In-depth Strategy

1. Offense and Defense

Player interaction is very important; a player who cannot see anything other than his own hand cannot graduate from the novice stage. In Hong Kong style, it may be difficult to make big hands when others are going for quick ones, so often one can only follow suit and compete for the small win. WSoM follows the same standard mahjong rules, so it is difficult to win big hands against speedy opposition all the same.
But because the score difference between big and small hands is greater, it is after all worth the difficulty to attempt big hands here. Beating an opponent’s small hand with your own yields only a small swing in the score, so it is often better to forgo that in favor of the chance of winning a big hand. There is also the factor that we are adopting the “New Style” patterns here, which give more chances for attempting big hands; when you can choose one which better fits your tiles, you naturally have a better chance of success!

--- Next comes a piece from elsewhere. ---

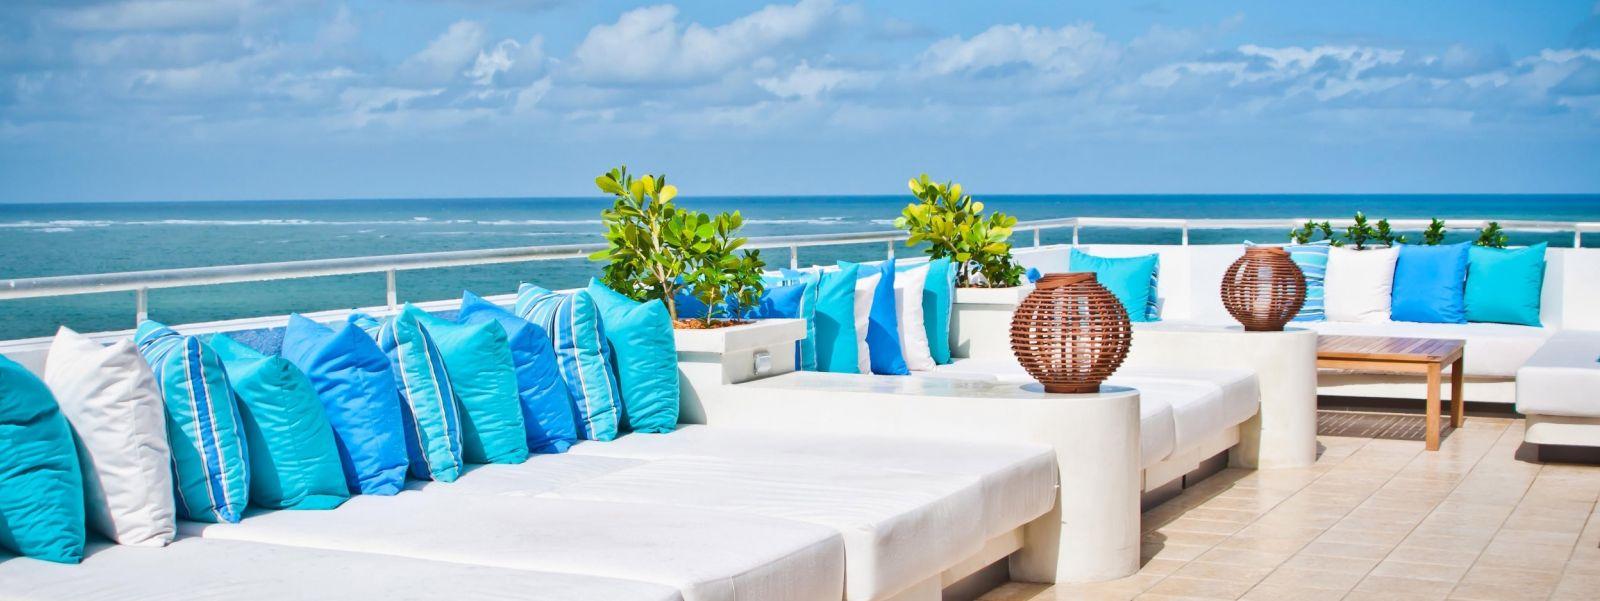 Carolina Puerto Rico Beaches

Making a big hand usually involves sacrificing speed and win rate to get a higher score. This has the effect of giving the opponents more time and more chance to win their hands. If we purely calculate the “expected value” of one’s own income for the won hand, the large difference in hand value would often favor the big hand. However, there is also the risk of losing points to the opponent’s winning hand.

If an opponent has a better hand which is both faster and bigger, it would be very risky to go for a big hand. Hence, when the opponents are going for small hands, one can attempt a big hand with little risk; yet when an opponent shows the threat of a big hand, one needs to be more cautious. If one feels that one can beat the opponent, one can seize the opportunity and deal a heavy blow, but if not, one should consider playing for a speed win. Offense and defense relies on the judgement about the hands of all four players; the best strategy can only be determined with an accurate reading of the opponents’ hands, and their value and speed, as well as one’s own.
 

2. Two Identical Sequences

Two Identical Sequences is a highly versatile pattern which tends to combine well with other patterns. Typically it combines with category 1 trivial patterns (All Sequences, Concealed Hand, No Terminals) for a hand of 15-25 points.

Sometimes it combines with bigger patterns such as Three Similar Sequences, Nine-TIle Straight, Lesser Terminals, and Mixed or even Pure One-Suit. It can also be built into higher patterns in the series, namely Two Identical Sequences Twice or Three Identical Sequences (or you can pung the pairs into Three Consecutive Triplets). In contrast, “Honor Triplet” has much fewer options for combinations: it can combine with Mixed One-Suit, All Triplets or Mixed Lesser Terminals, or sometimes you kong the fourth tile for 5 points, but it doesn’t combine well with other things.

The combination with the trivial patterns scores quite well, so sometimes you can just aim for a speed win with this, instead of taking the risk to build the core patterns.
 

3. Handling Value Honors

Compared to some other styles, here Value Honor scores quite well, since the 10 points are better than a trivial pattern. While the simple 10-point hand is convenient, the combination with core patterns (Mixed One-Suit, All Triplets, Mixed Lesser Terminals) increases the hand value by a good quarter or so; two Value Honor triplets would be an 50% increase, which is quite significant.

On the other hand, if you draw a suspicious raw (or semi-raw, with only one copy discarded) Value Honor tile in the late game against an opponent who seems to be making a big hand, you need to be extra careful. If you discard a guest wind to a 40-point win, you’ll pay 70 points, but if you discard a value honor to a 50-point win, that’s a 100-point payment, which is significantly more. If the opponent doesn’t have a big hand, the 10 points for the Value Honor would be shouldered also by the two other players, so it’s not that big a deal.

Once you draw a pair of a Value Honor, it’s mostly a simple matter of waiting to pong it. The exception is if you need the pair for the eyes for a big hand, such as Mixed Lesser Terminals. When you have a single unmatched tile, there would be the question of whether to keep it or not. It’s quite frustrating if you discard it and then draw a second or even a third. Naturally, if you are going for Mixed One-Suit or Mixed Lesser Terminals, you’d want to keep honors regardless of whether they are Value Honor or not.
When you are not going for these hands, you can consider whether you can gain the trivial patterns by discarding the honors (if you can, then there is no need to keep them), and also how much speed you might lose by keeping them.

In the opening game, after throwing away the guest winds and the terminal numbers, it’s usually a good idea to start with throwing those value honors which others have already discarded a copy. Personally, I’ll also throw Dragon tiles before my seat wind. It’s because my seat wind is valueless for the other players, so if others have not thrown them, it probably means the tiles are still in the wall for me to draw.

Also, in case I end up holding that tile for a longer while, it’s a less dangerous discard later in the game.